Left with minimal options for what HER needs were -- to protect her baby by not being in that hospital environment without choice and control -- Amber had to make THE BEST decision she could, and that is what this whole birth debate is about. WHERE to best give birth safely, peacefully, and respectfully when the OPTIONS SUCK -- big time.

Not one meets the needs of the laboring and birthing mother and baby.

1) She could go to the HMO approved hospital knowing what she knows, and wants to avoid. Having the PRIOR birth experience she did and responding (correctly) to it as she did also made her a PSYCHOLOGICAL high-risk wherever she went unless she did the emotional, psychological work around that first experience.

There is not a social value for a woman to process this "normal birth" experience of traumatizing interventions.

Society, including MIDWIVES, doesn't promote the healing of a previous birth either before conception of the second one or during pregnancy.
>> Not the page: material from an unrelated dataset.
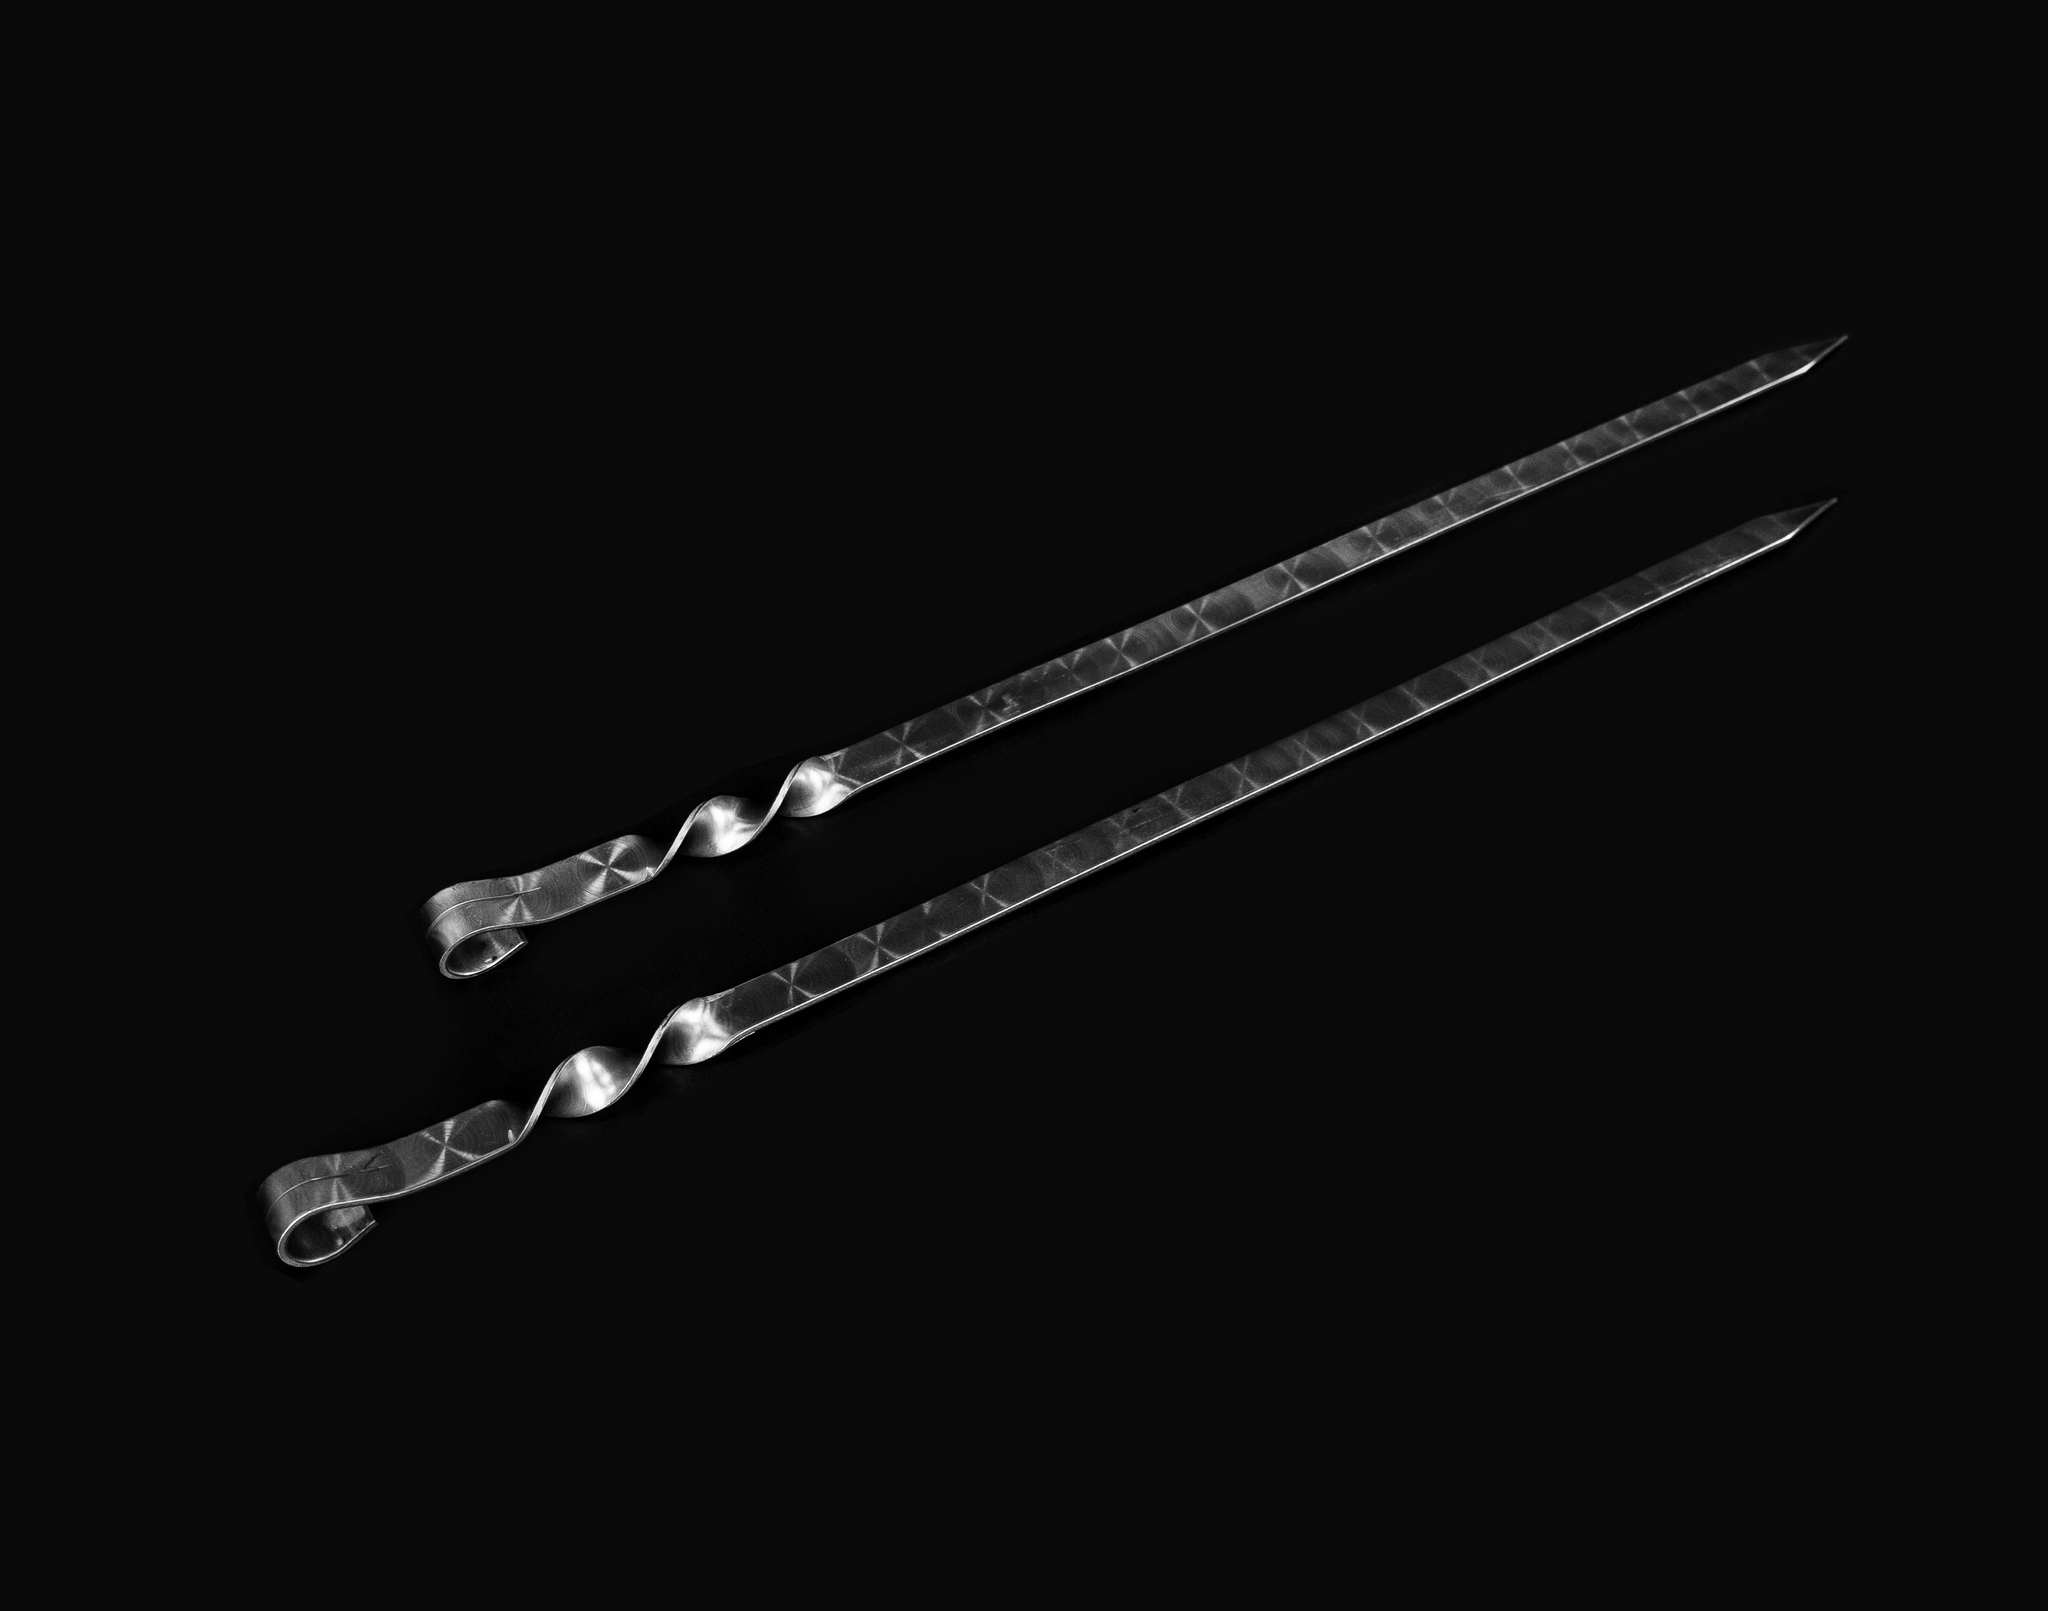 Шампуры из нержавейки Шампур для Люля-кебаб 3мм (ширина 20мм) P1244085-0.jpg

Doctors ignoring the impact of what they do is part of this stupid debate that perpetuates the system.

2) Her second option is a forty-five minute drive to birth center -- which always scares a mother-to-be. Even one who has a three day labor will fear not getting there in time.

Working in a birth center I observed the only time this is not true is in the case of a woman, like Amber, who had a long, protracted, painful labor in the hospital. At home she doesn't realize she is in labor and progressing so easily, so she waits too long, waiting for the intensity she experienced before that is "normal" with medical birth, but not with natural birth.

3) Amber made a good choice in choosing homebirth with a professional birth caregiver, a CNM, a team, within safe driving distance to a hospital. Sounds like the best option to me. (btw, same as the doctor drives to arrive to catch baby managed by an RN or CNM -- what's the big difference really?).

THIS DEBATE needs to SOMEDAY address how it is that women can work equally with birth care providers, insurance providers, and expect evidence-based care where ever it is. Hospital birth is not evidence-based and the means (for doctor's schedules and litigation avoidance) do not justify the end. This particular CNM made a judgement call to not go earlier when she saw the malposition. Probably not a wise one. WHY didn't she? Why do midwives often wait too long? I have observed for awhile now that this is a complaint of the obstetricians and the nurses. And, I have a theory.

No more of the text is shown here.